Problem Two: The Non-Determinism Problem - And Why It Doesn’t Go Away

Here’s something the AI industry doesn’t talk about enough: language models are not deterministic. Run the same prompt twice and you will get two different outputs. Maybe slightly different. Maybe meaningfully different. That’s not a bug - it’s a fundamental property of how these systems work. The model is sampling from a probability distribution every time it generates a token. Randomness is baked in by design.

This creates a genuinely hard problem for any system that tries to measure AI quality over time.

If the AI produces a different output every run, what does it mean when quality scores improve? Was it the better prompt? A different day? A model update from the provider? You can’t rerun the test with a clean control. You can’t hold everything constant. The thing you’re measuring keeps moving.

And here’s the uncomfortable corollary: using AI to evaluate AI doesn’t escape this problem. A quality reviewer is also a language model. It’s adversarially configured and calibrated, but it’s still probabilistic. Two reviews of the same output on the same day might not produce identical scores.

The answer isn’t to pretend the problem is solved. It’s to build a stack of signals with fundamentally different reliability properties - and to be honest about which is which. Not all signals are created equal. Some are probabilistic. Some are binary. And the most reliable signal in the whole system has nothing to do with AI at all.

The Brute-Force Temptation - And Why It Fails

There is an approach some frameworks have landed on that tries to address both problems at once: run the model multiple times, score each output, keep the best one. Loop until good. Frameworks like OpenClaw and Hermes have built their quality story around exactly this pattern.

It sounds compelling. It is also expensive - you’re running the model three, five, ten times to produce one answer. And it still doesn’t escape either problem. Stakes-wise, you’re still not learning anything; you’re just paying more per answer and hoping the law of averages works in your favor. Non-determinism-wise, the scoring function that decides which output is “good enough” is itself a language model. It’s probabilistic. “Loop until good” is really “loop until a probabilistic evaluator decides it’s probably good enough.” That’s a different thing, and it’s worth being clear-eyed about the distinction.

The alternative is to stop trying to brute-force quality at runtime and start building a system that actually gets better over time. That’s what the rest of this post is about.

How KAIPARR Is Built Around A Quality Signal Hierarchy

The signal stack has three tiers, and the design logic flows from the reliability properties of each.

At the base: deterministic checks. Structural failures - a tool that wasn’t called, a template variable left unreplaced, a broken reference in a prompt - are binary. They either happened or they didn’t.
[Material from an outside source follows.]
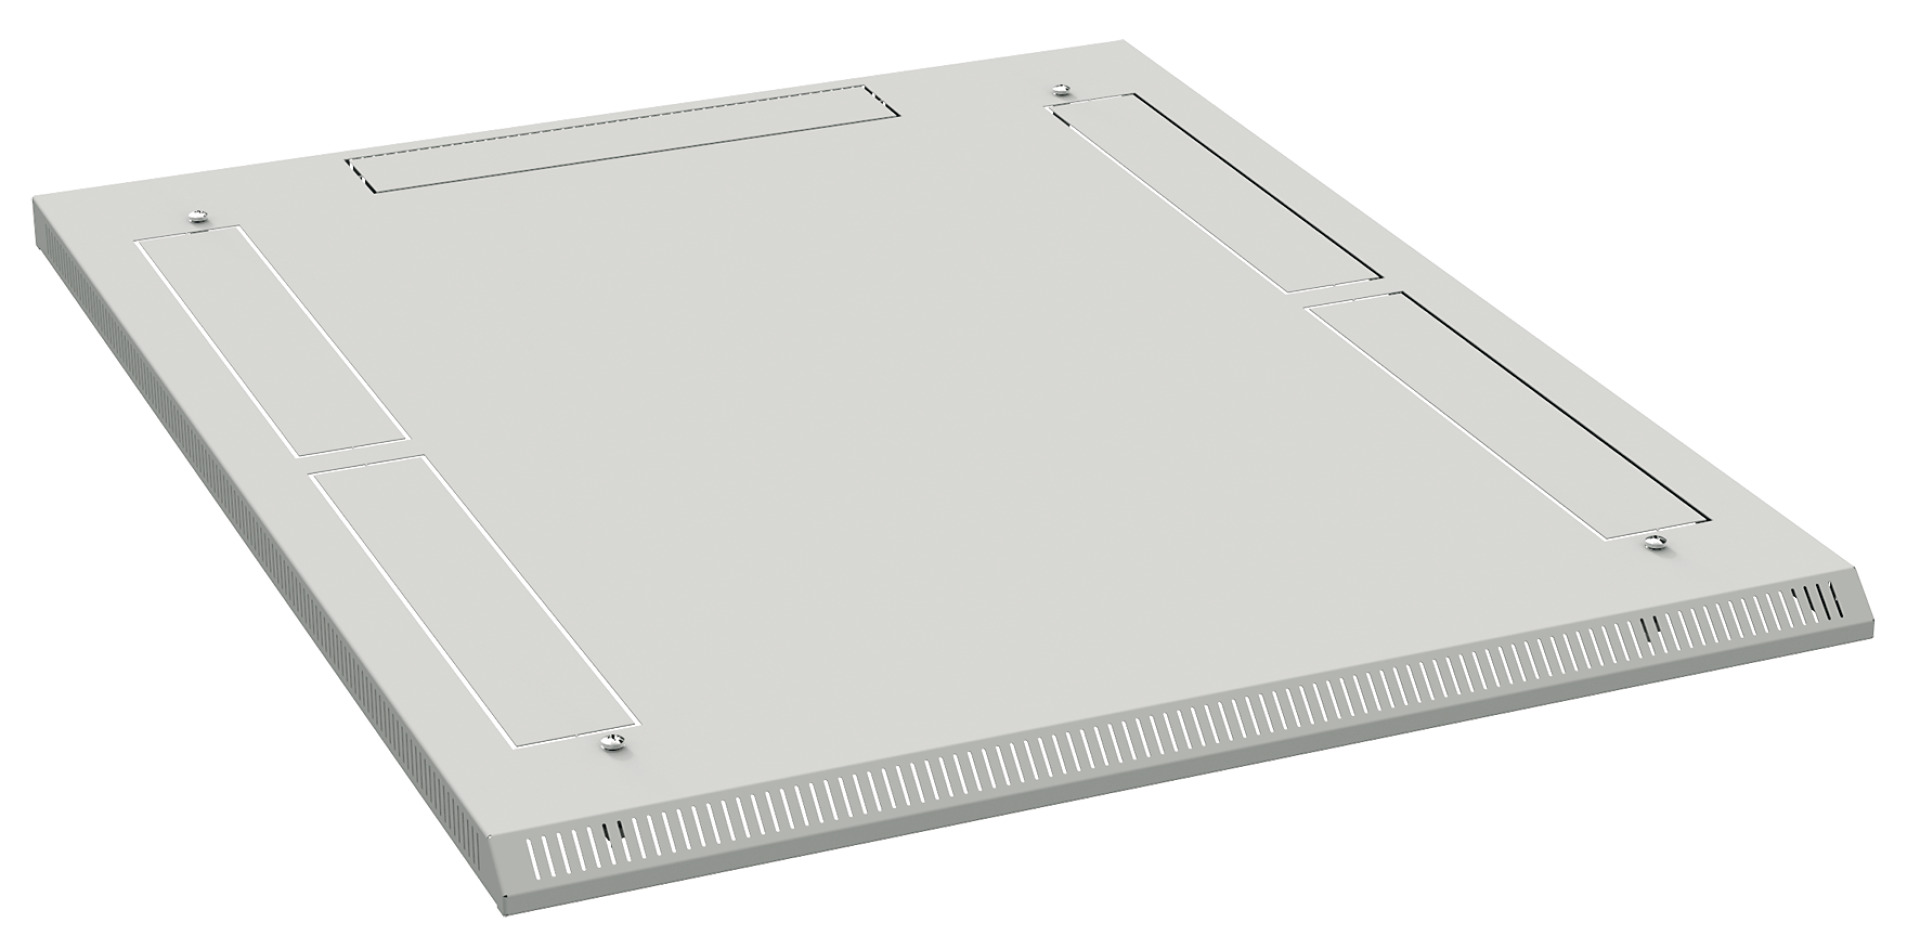 Additional Roof H=40 mm, 800x600 mm, RAL7035, for Cabinet Series PRO

No model, no judgment, no randomness. These are ground truth and they’re treated that way.

In the middle: probabilistic AI evaluation. Any AI-based quality review introduces statistical noise by definition. KAIPARR manages this by aggregating across many runs rather than trusting any single score, and by looking for persistent patterns - consistent failures, sustained high performance - rather than point-in-time readings. One bad score is data. A streak of bad scores is a signal.

At the top: you. This is the part that gets underappreciated in most AI system designs. When you correct the AI - when you say “that’s wrong” or re-ask the same question because the first answer didn’t cut it - that’s not probabilistic. That happened. It’s a fact. Your behavior as a user is the most reliable quality signal in the entire system, because it’s grounded in the one thing no model can fake: whether the output actually worked for you in the real world.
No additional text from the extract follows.